Brian Holland went into more detail about the creation of Baby Love.  “When we write a song, we try to express real feelings about a real situation….  In writing the song for the Supremes it was obvious that we were writing for pretty young girls, of whom one is the so-called lead singer….  Therefore, in writing Baby Love, we pictured a simple story about a girl whose boyfriend has left her and who loves him very dearly and who would like the boy to come back.  The music…fits this simple story.”

The “Findings of Fact and Conclusions of Law” from October 1967 by Judge Talbot Smith stated that the song entitled I’m Afraid is “dissimilar in every material respect” from Baby Love except that they each use a “two-note motive” for their melodies, and that is common in “musical literature.”  Also, “the Court further concludes that there was no evidence that the writers of Baby Love had access to the musical composition I’m Afraid.”

In the “Judgment,” from December 1967, Judge Smith ordered in favor of the defendants “dismissing the action with costs and disbursements to be taxed by the Clerk in favor of the Defendants and against the Plaintiff.”

Within a couple weeks of the dismissal, the plaintiff filed an appeal.  Whether that case uncovered any more interesting testimony remains to be seen.  But given the facts of the original case, Motown would have no cause to be afraid.

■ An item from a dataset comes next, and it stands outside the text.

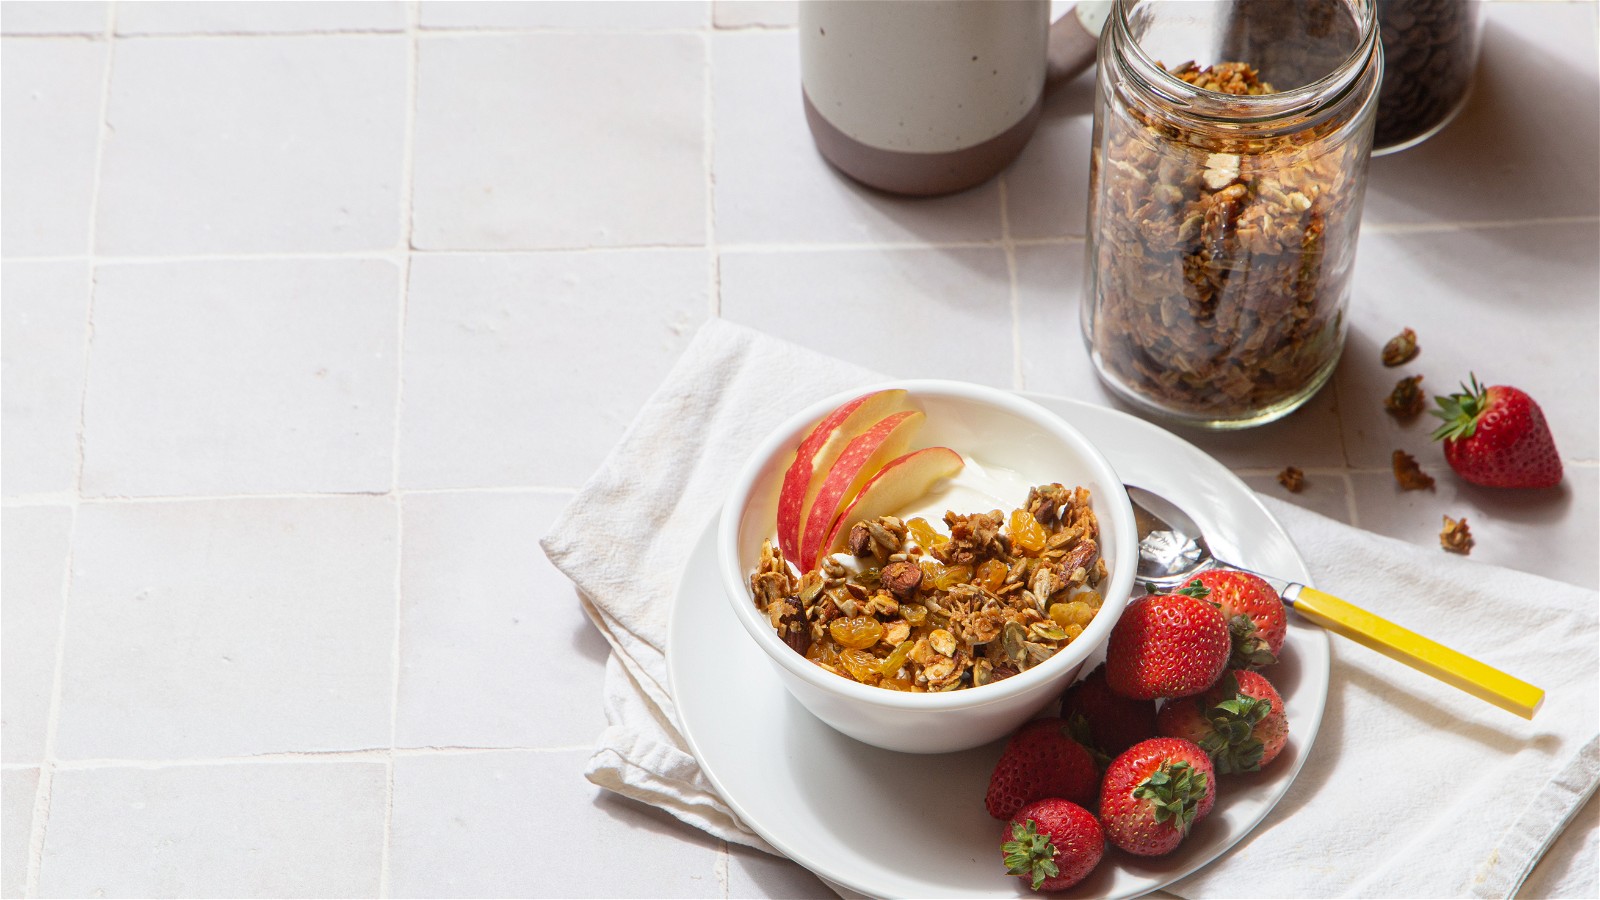 Image of Baharat Sweet and Spiced Granola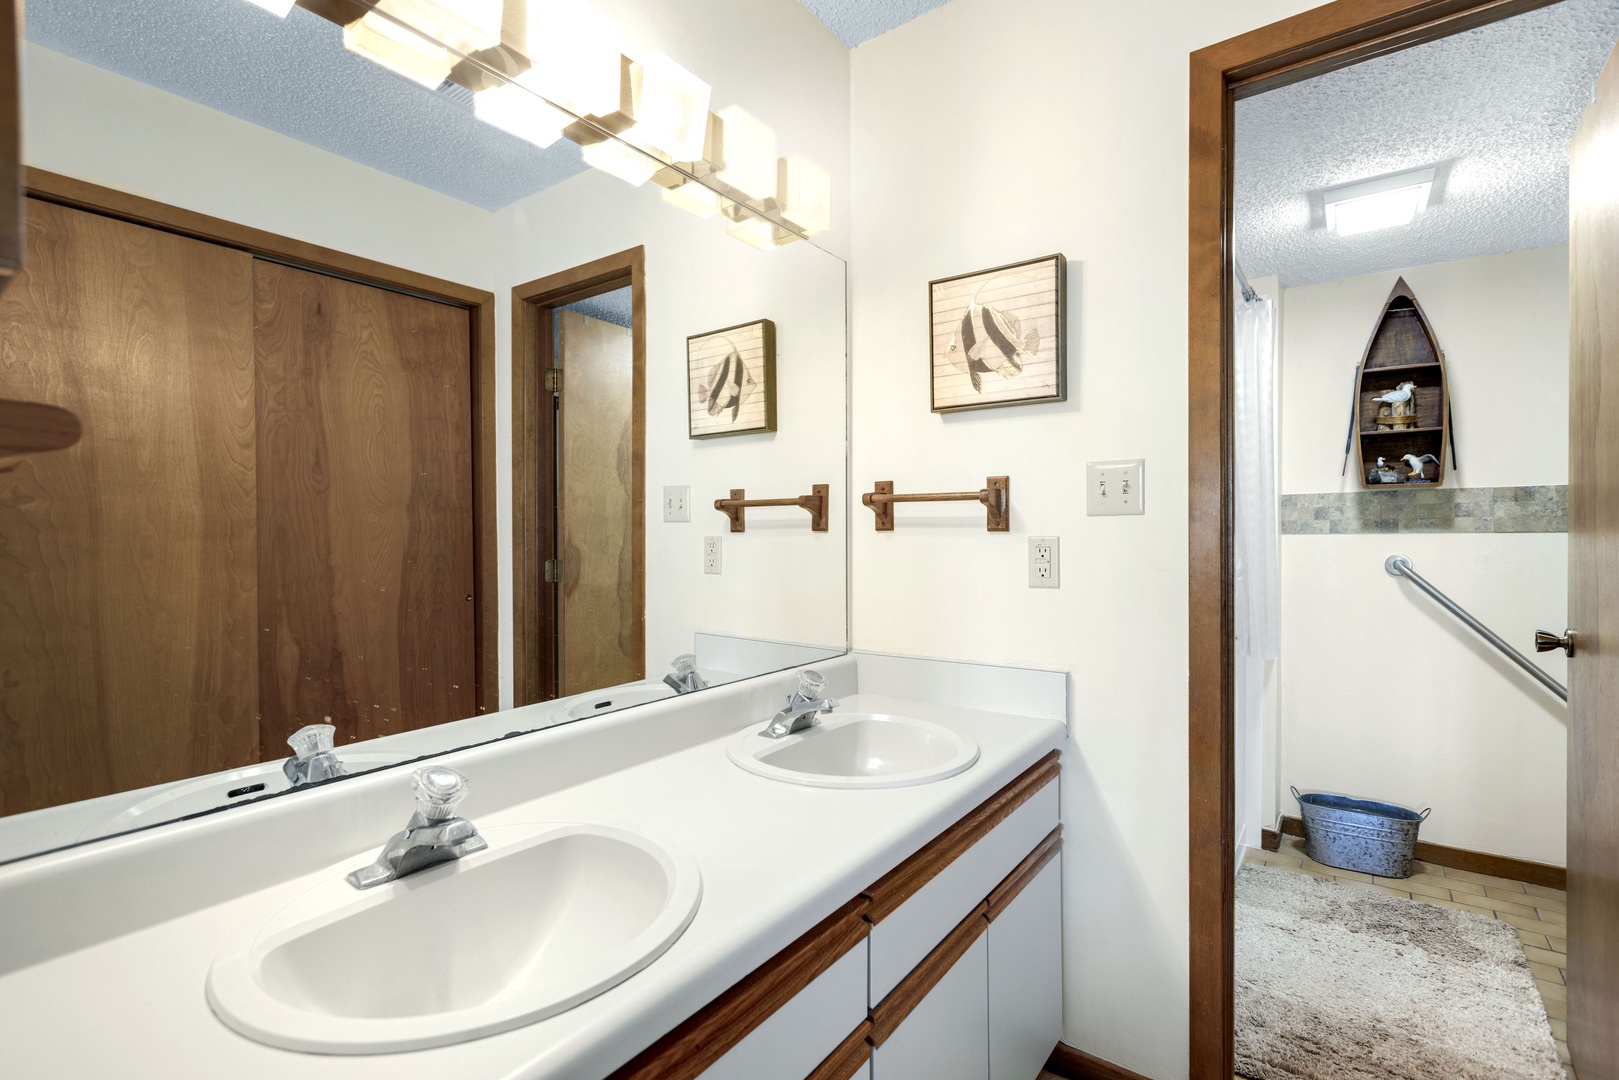 Primary ensuite features double vanity, walk-in jet tub, and standing shower

5 thoughts on “Motown Was Not Afraid

  1. Katie Dishman is a wonderful writer. I have read several of her articles. Keep’em coming Katie. You make history even more interesting.

  2. Ms. Dishman has purveyed a wonderful article on one of many lawsuits filed against Motown and Hitsville, U.S.A. Concise and laconic article, but filled with spirited information.

  3. Thank you archivist Katie! You dug up so many of my old memories of all the great lyrics H D H gave us in so many Mowtown Hits!